Born: 17 December 1835 in Pavia, Italy

Died: 11 September 1890 in Casteggio, Italy

Felice Casorati's parents were Francesco Casorati and Maria Stabilini. Francesco Casorati was a medical man who researched in physiology at the University of Pavia. Felice was a student at Pavia and initially his interests were in engineering and architecture. He received a diploma in these subjects from Pavia in 1856. After this he began to help A Bordoni and Brioschi but very quickly was acting as their assistant. He was appointed as a teaching assistant at Pavia in 1875, teaching topography and hydrometry. In 1858, together with Betti and Brioschi, he visited Göttingen, Berlin and Paris and this visit is often taken as the point where Italian mathematics joined the mainstream of European mathematics. On this and later journeys, for example he discussed the foundations of analysis with Kronecker and Weierstrass. While in Germany in 1864, Casorati became familiar with he ideas of Riemann and Weierstrass on complex function theory and then spread these ideas through his lectures and contacts.

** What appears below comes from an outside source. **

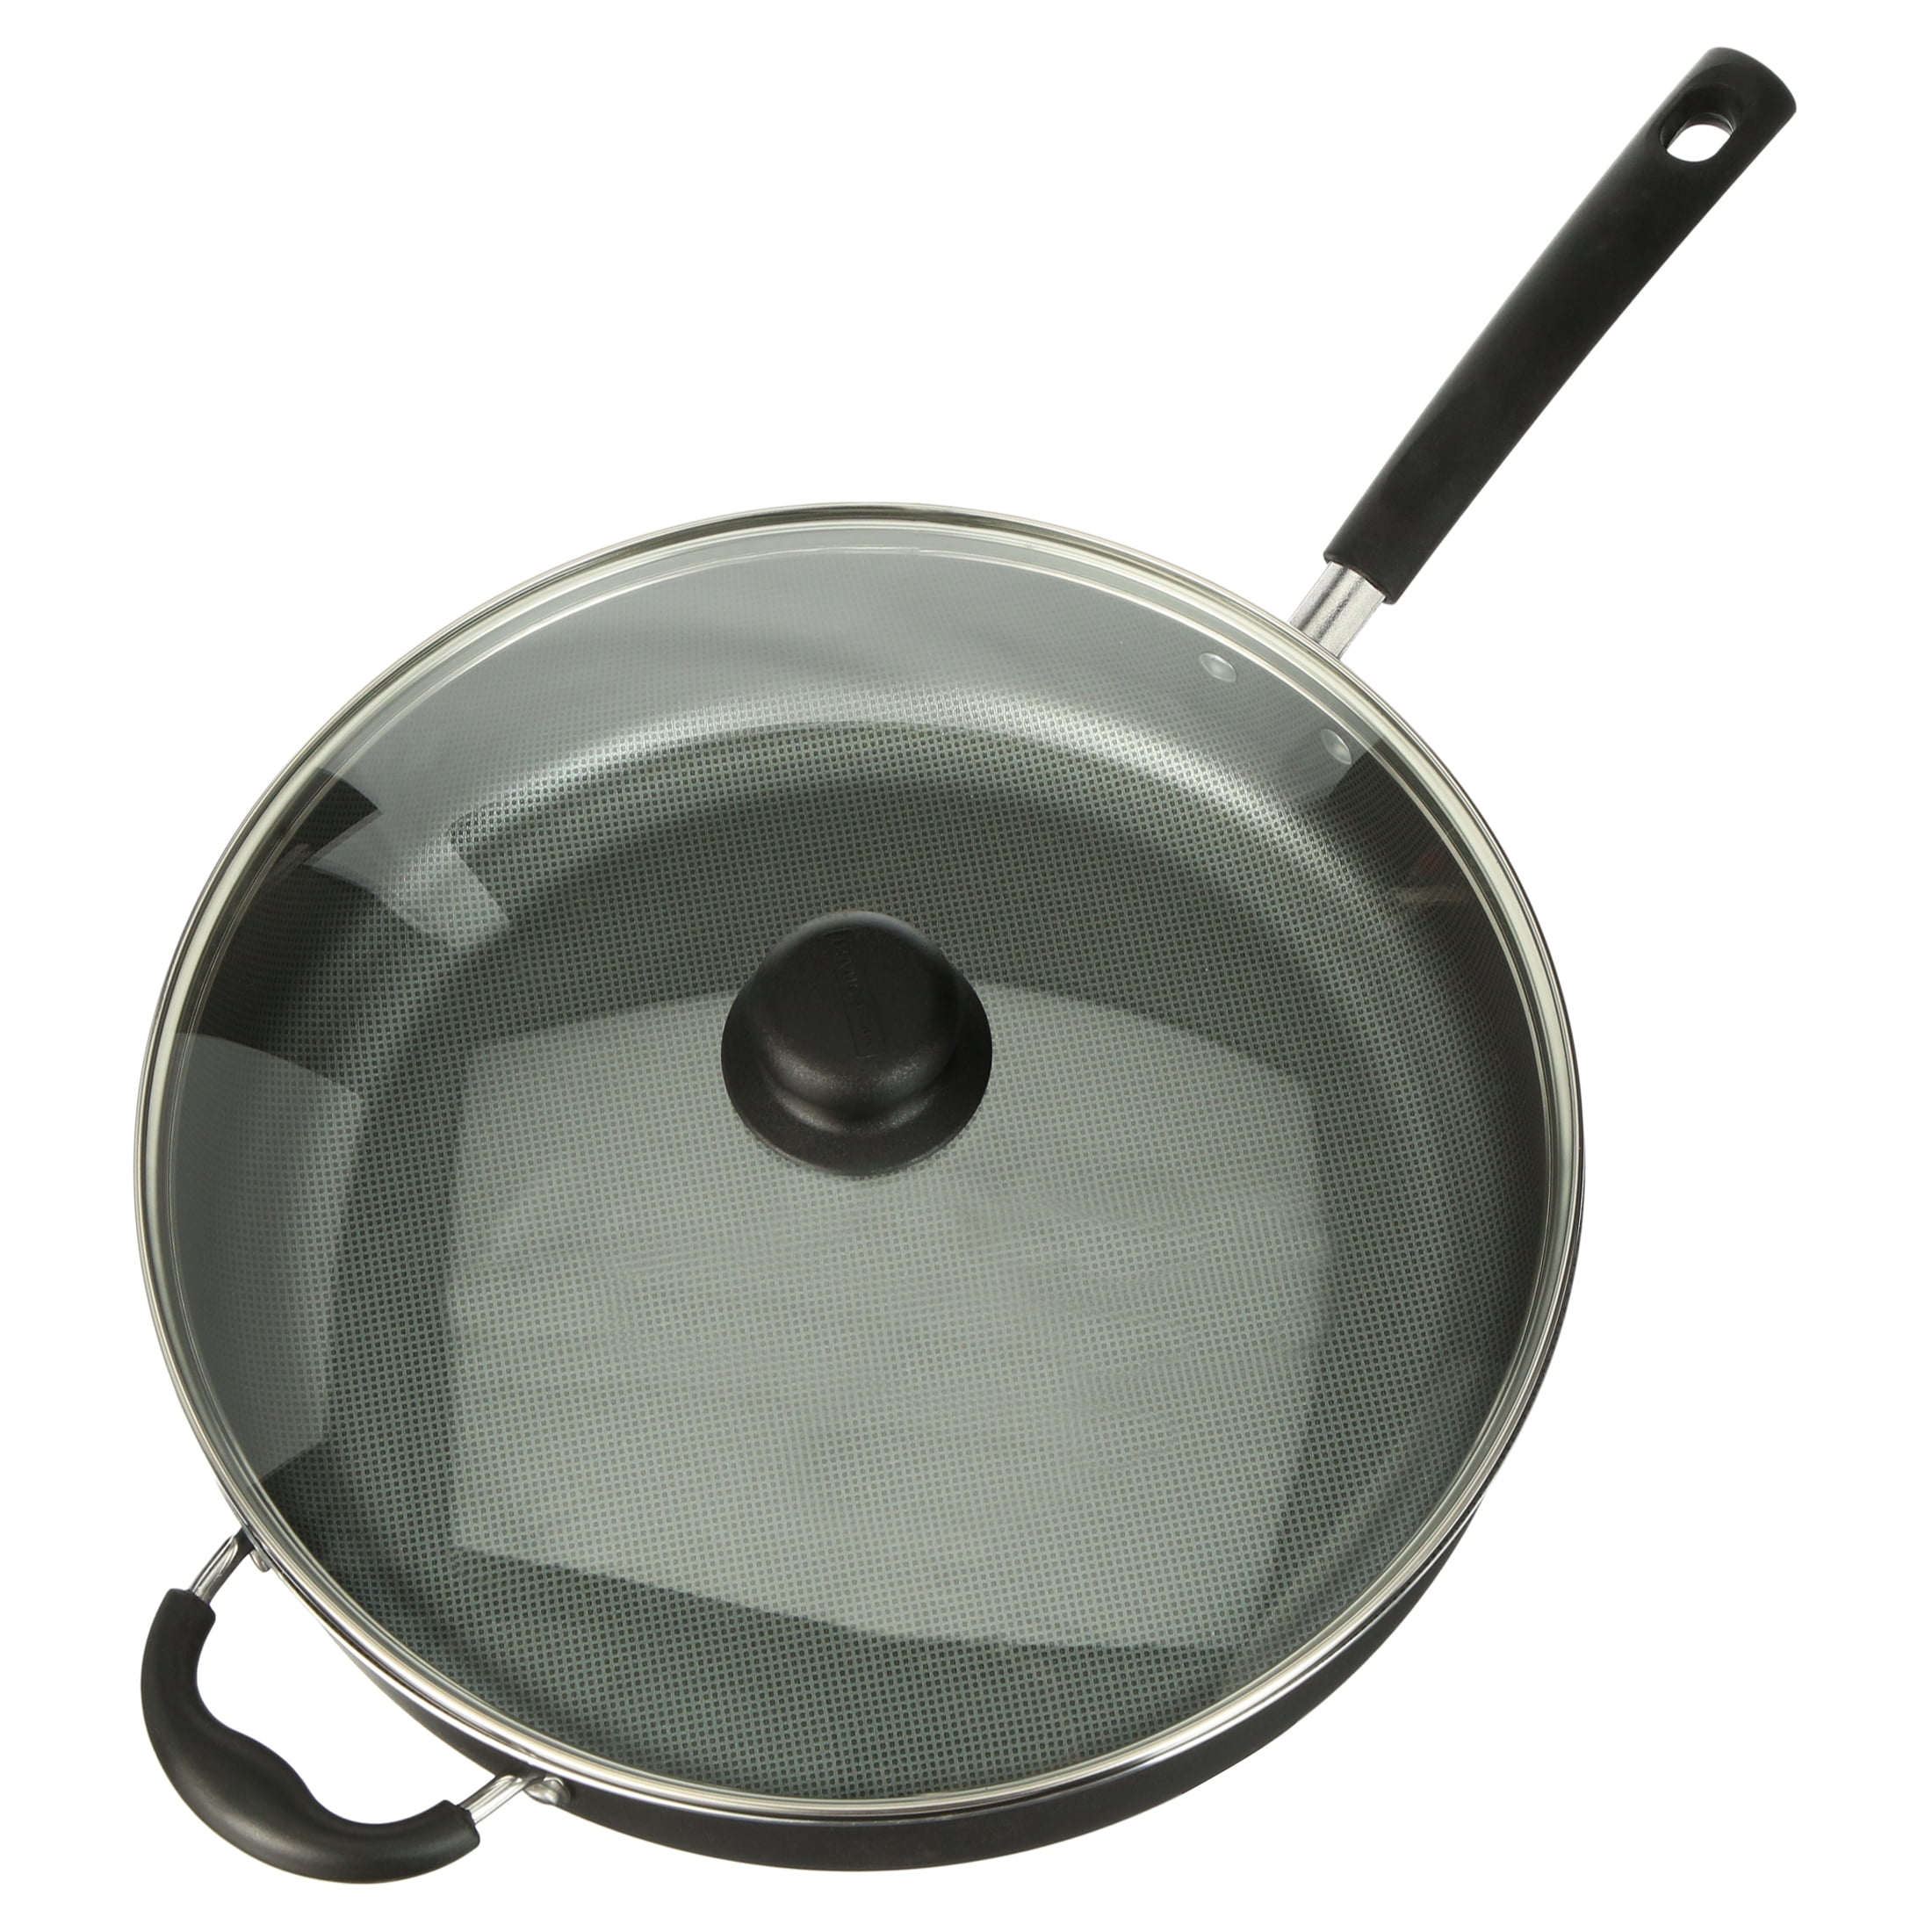 Sale Jumbo 5 Quart Non Stick Frying Cooker Pan Skillet Fry Saute Covered lid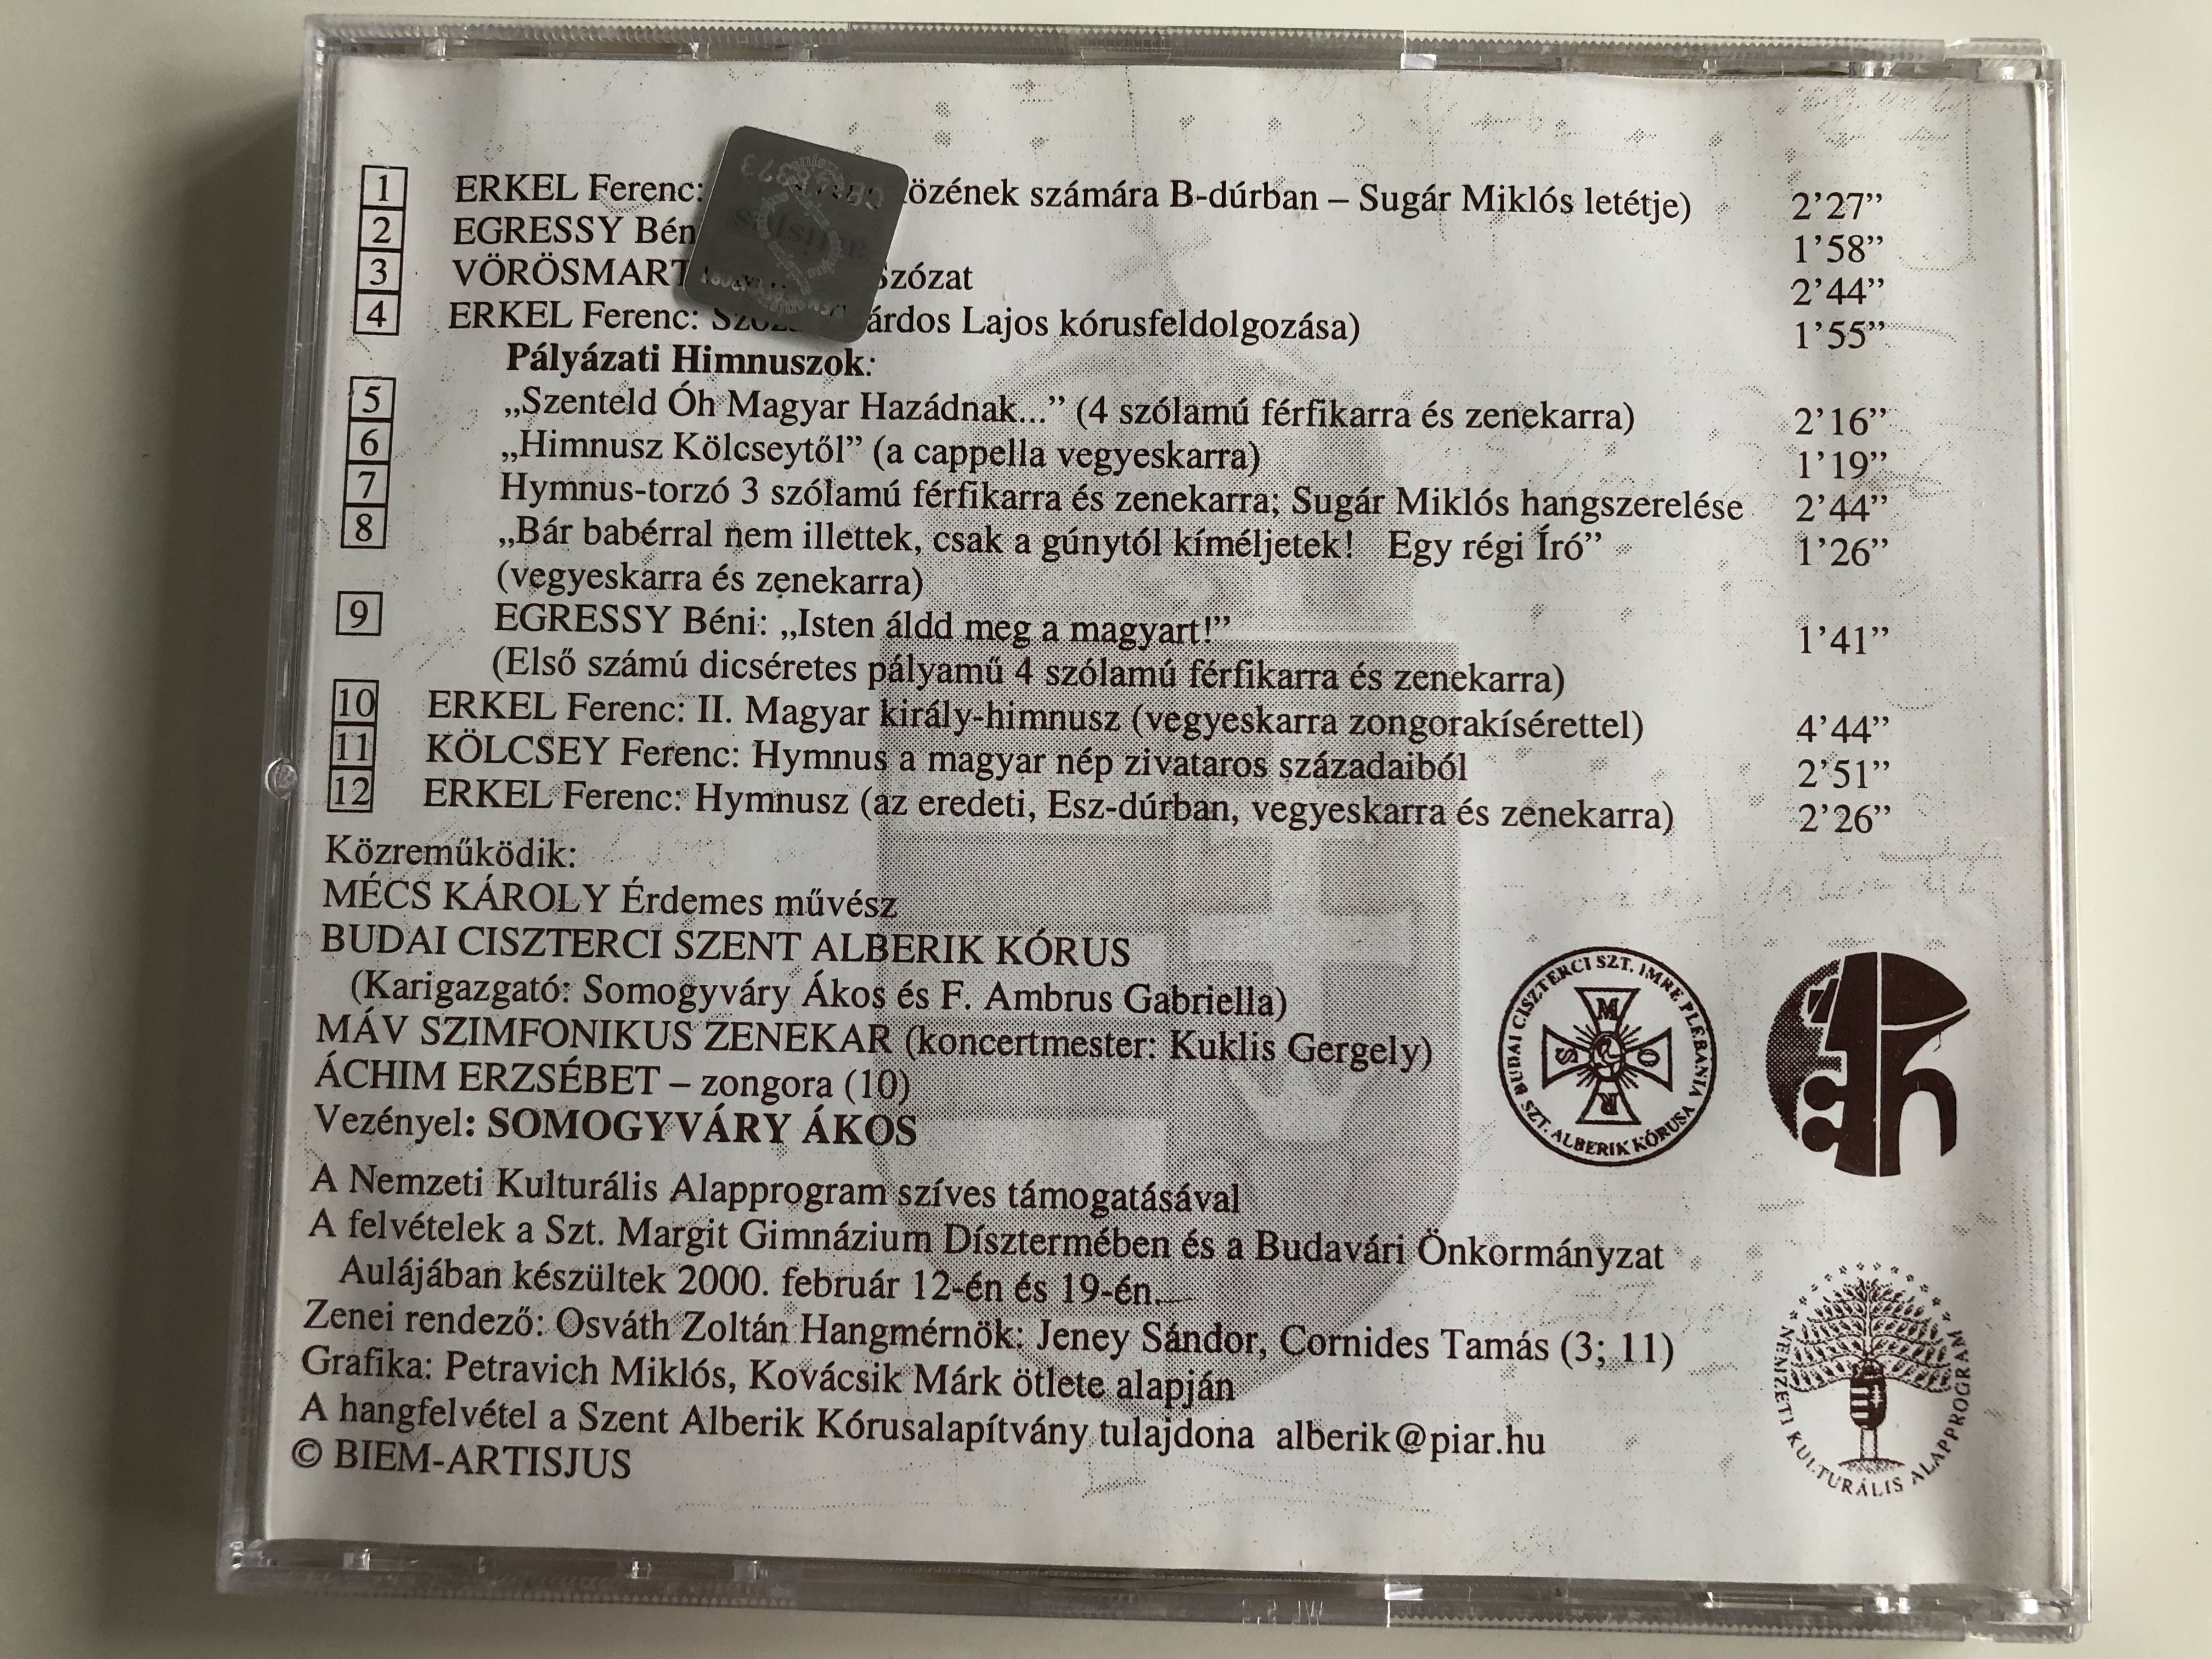 hymnus-audio-cd-2000-sacd-001-10-.jpg

After returning from the first of his journeys in 1859, Casorati was appointed as extraordinary professor of algebra and analytic geometry at the University of Pavia. In 1862 he was appointed as an ordinary professor at Pavia and in the following year he succeeded Mainardi to the chair of infinitesimal calculus. He taught geodesy and analysis at Pavia from 1865 to 1868 when he moved to Milan where he taught until 1875, although he continued to hold the chair at Pavia. Leaving Milan he returned to Pavia in 1875 where he taught analysis until his death.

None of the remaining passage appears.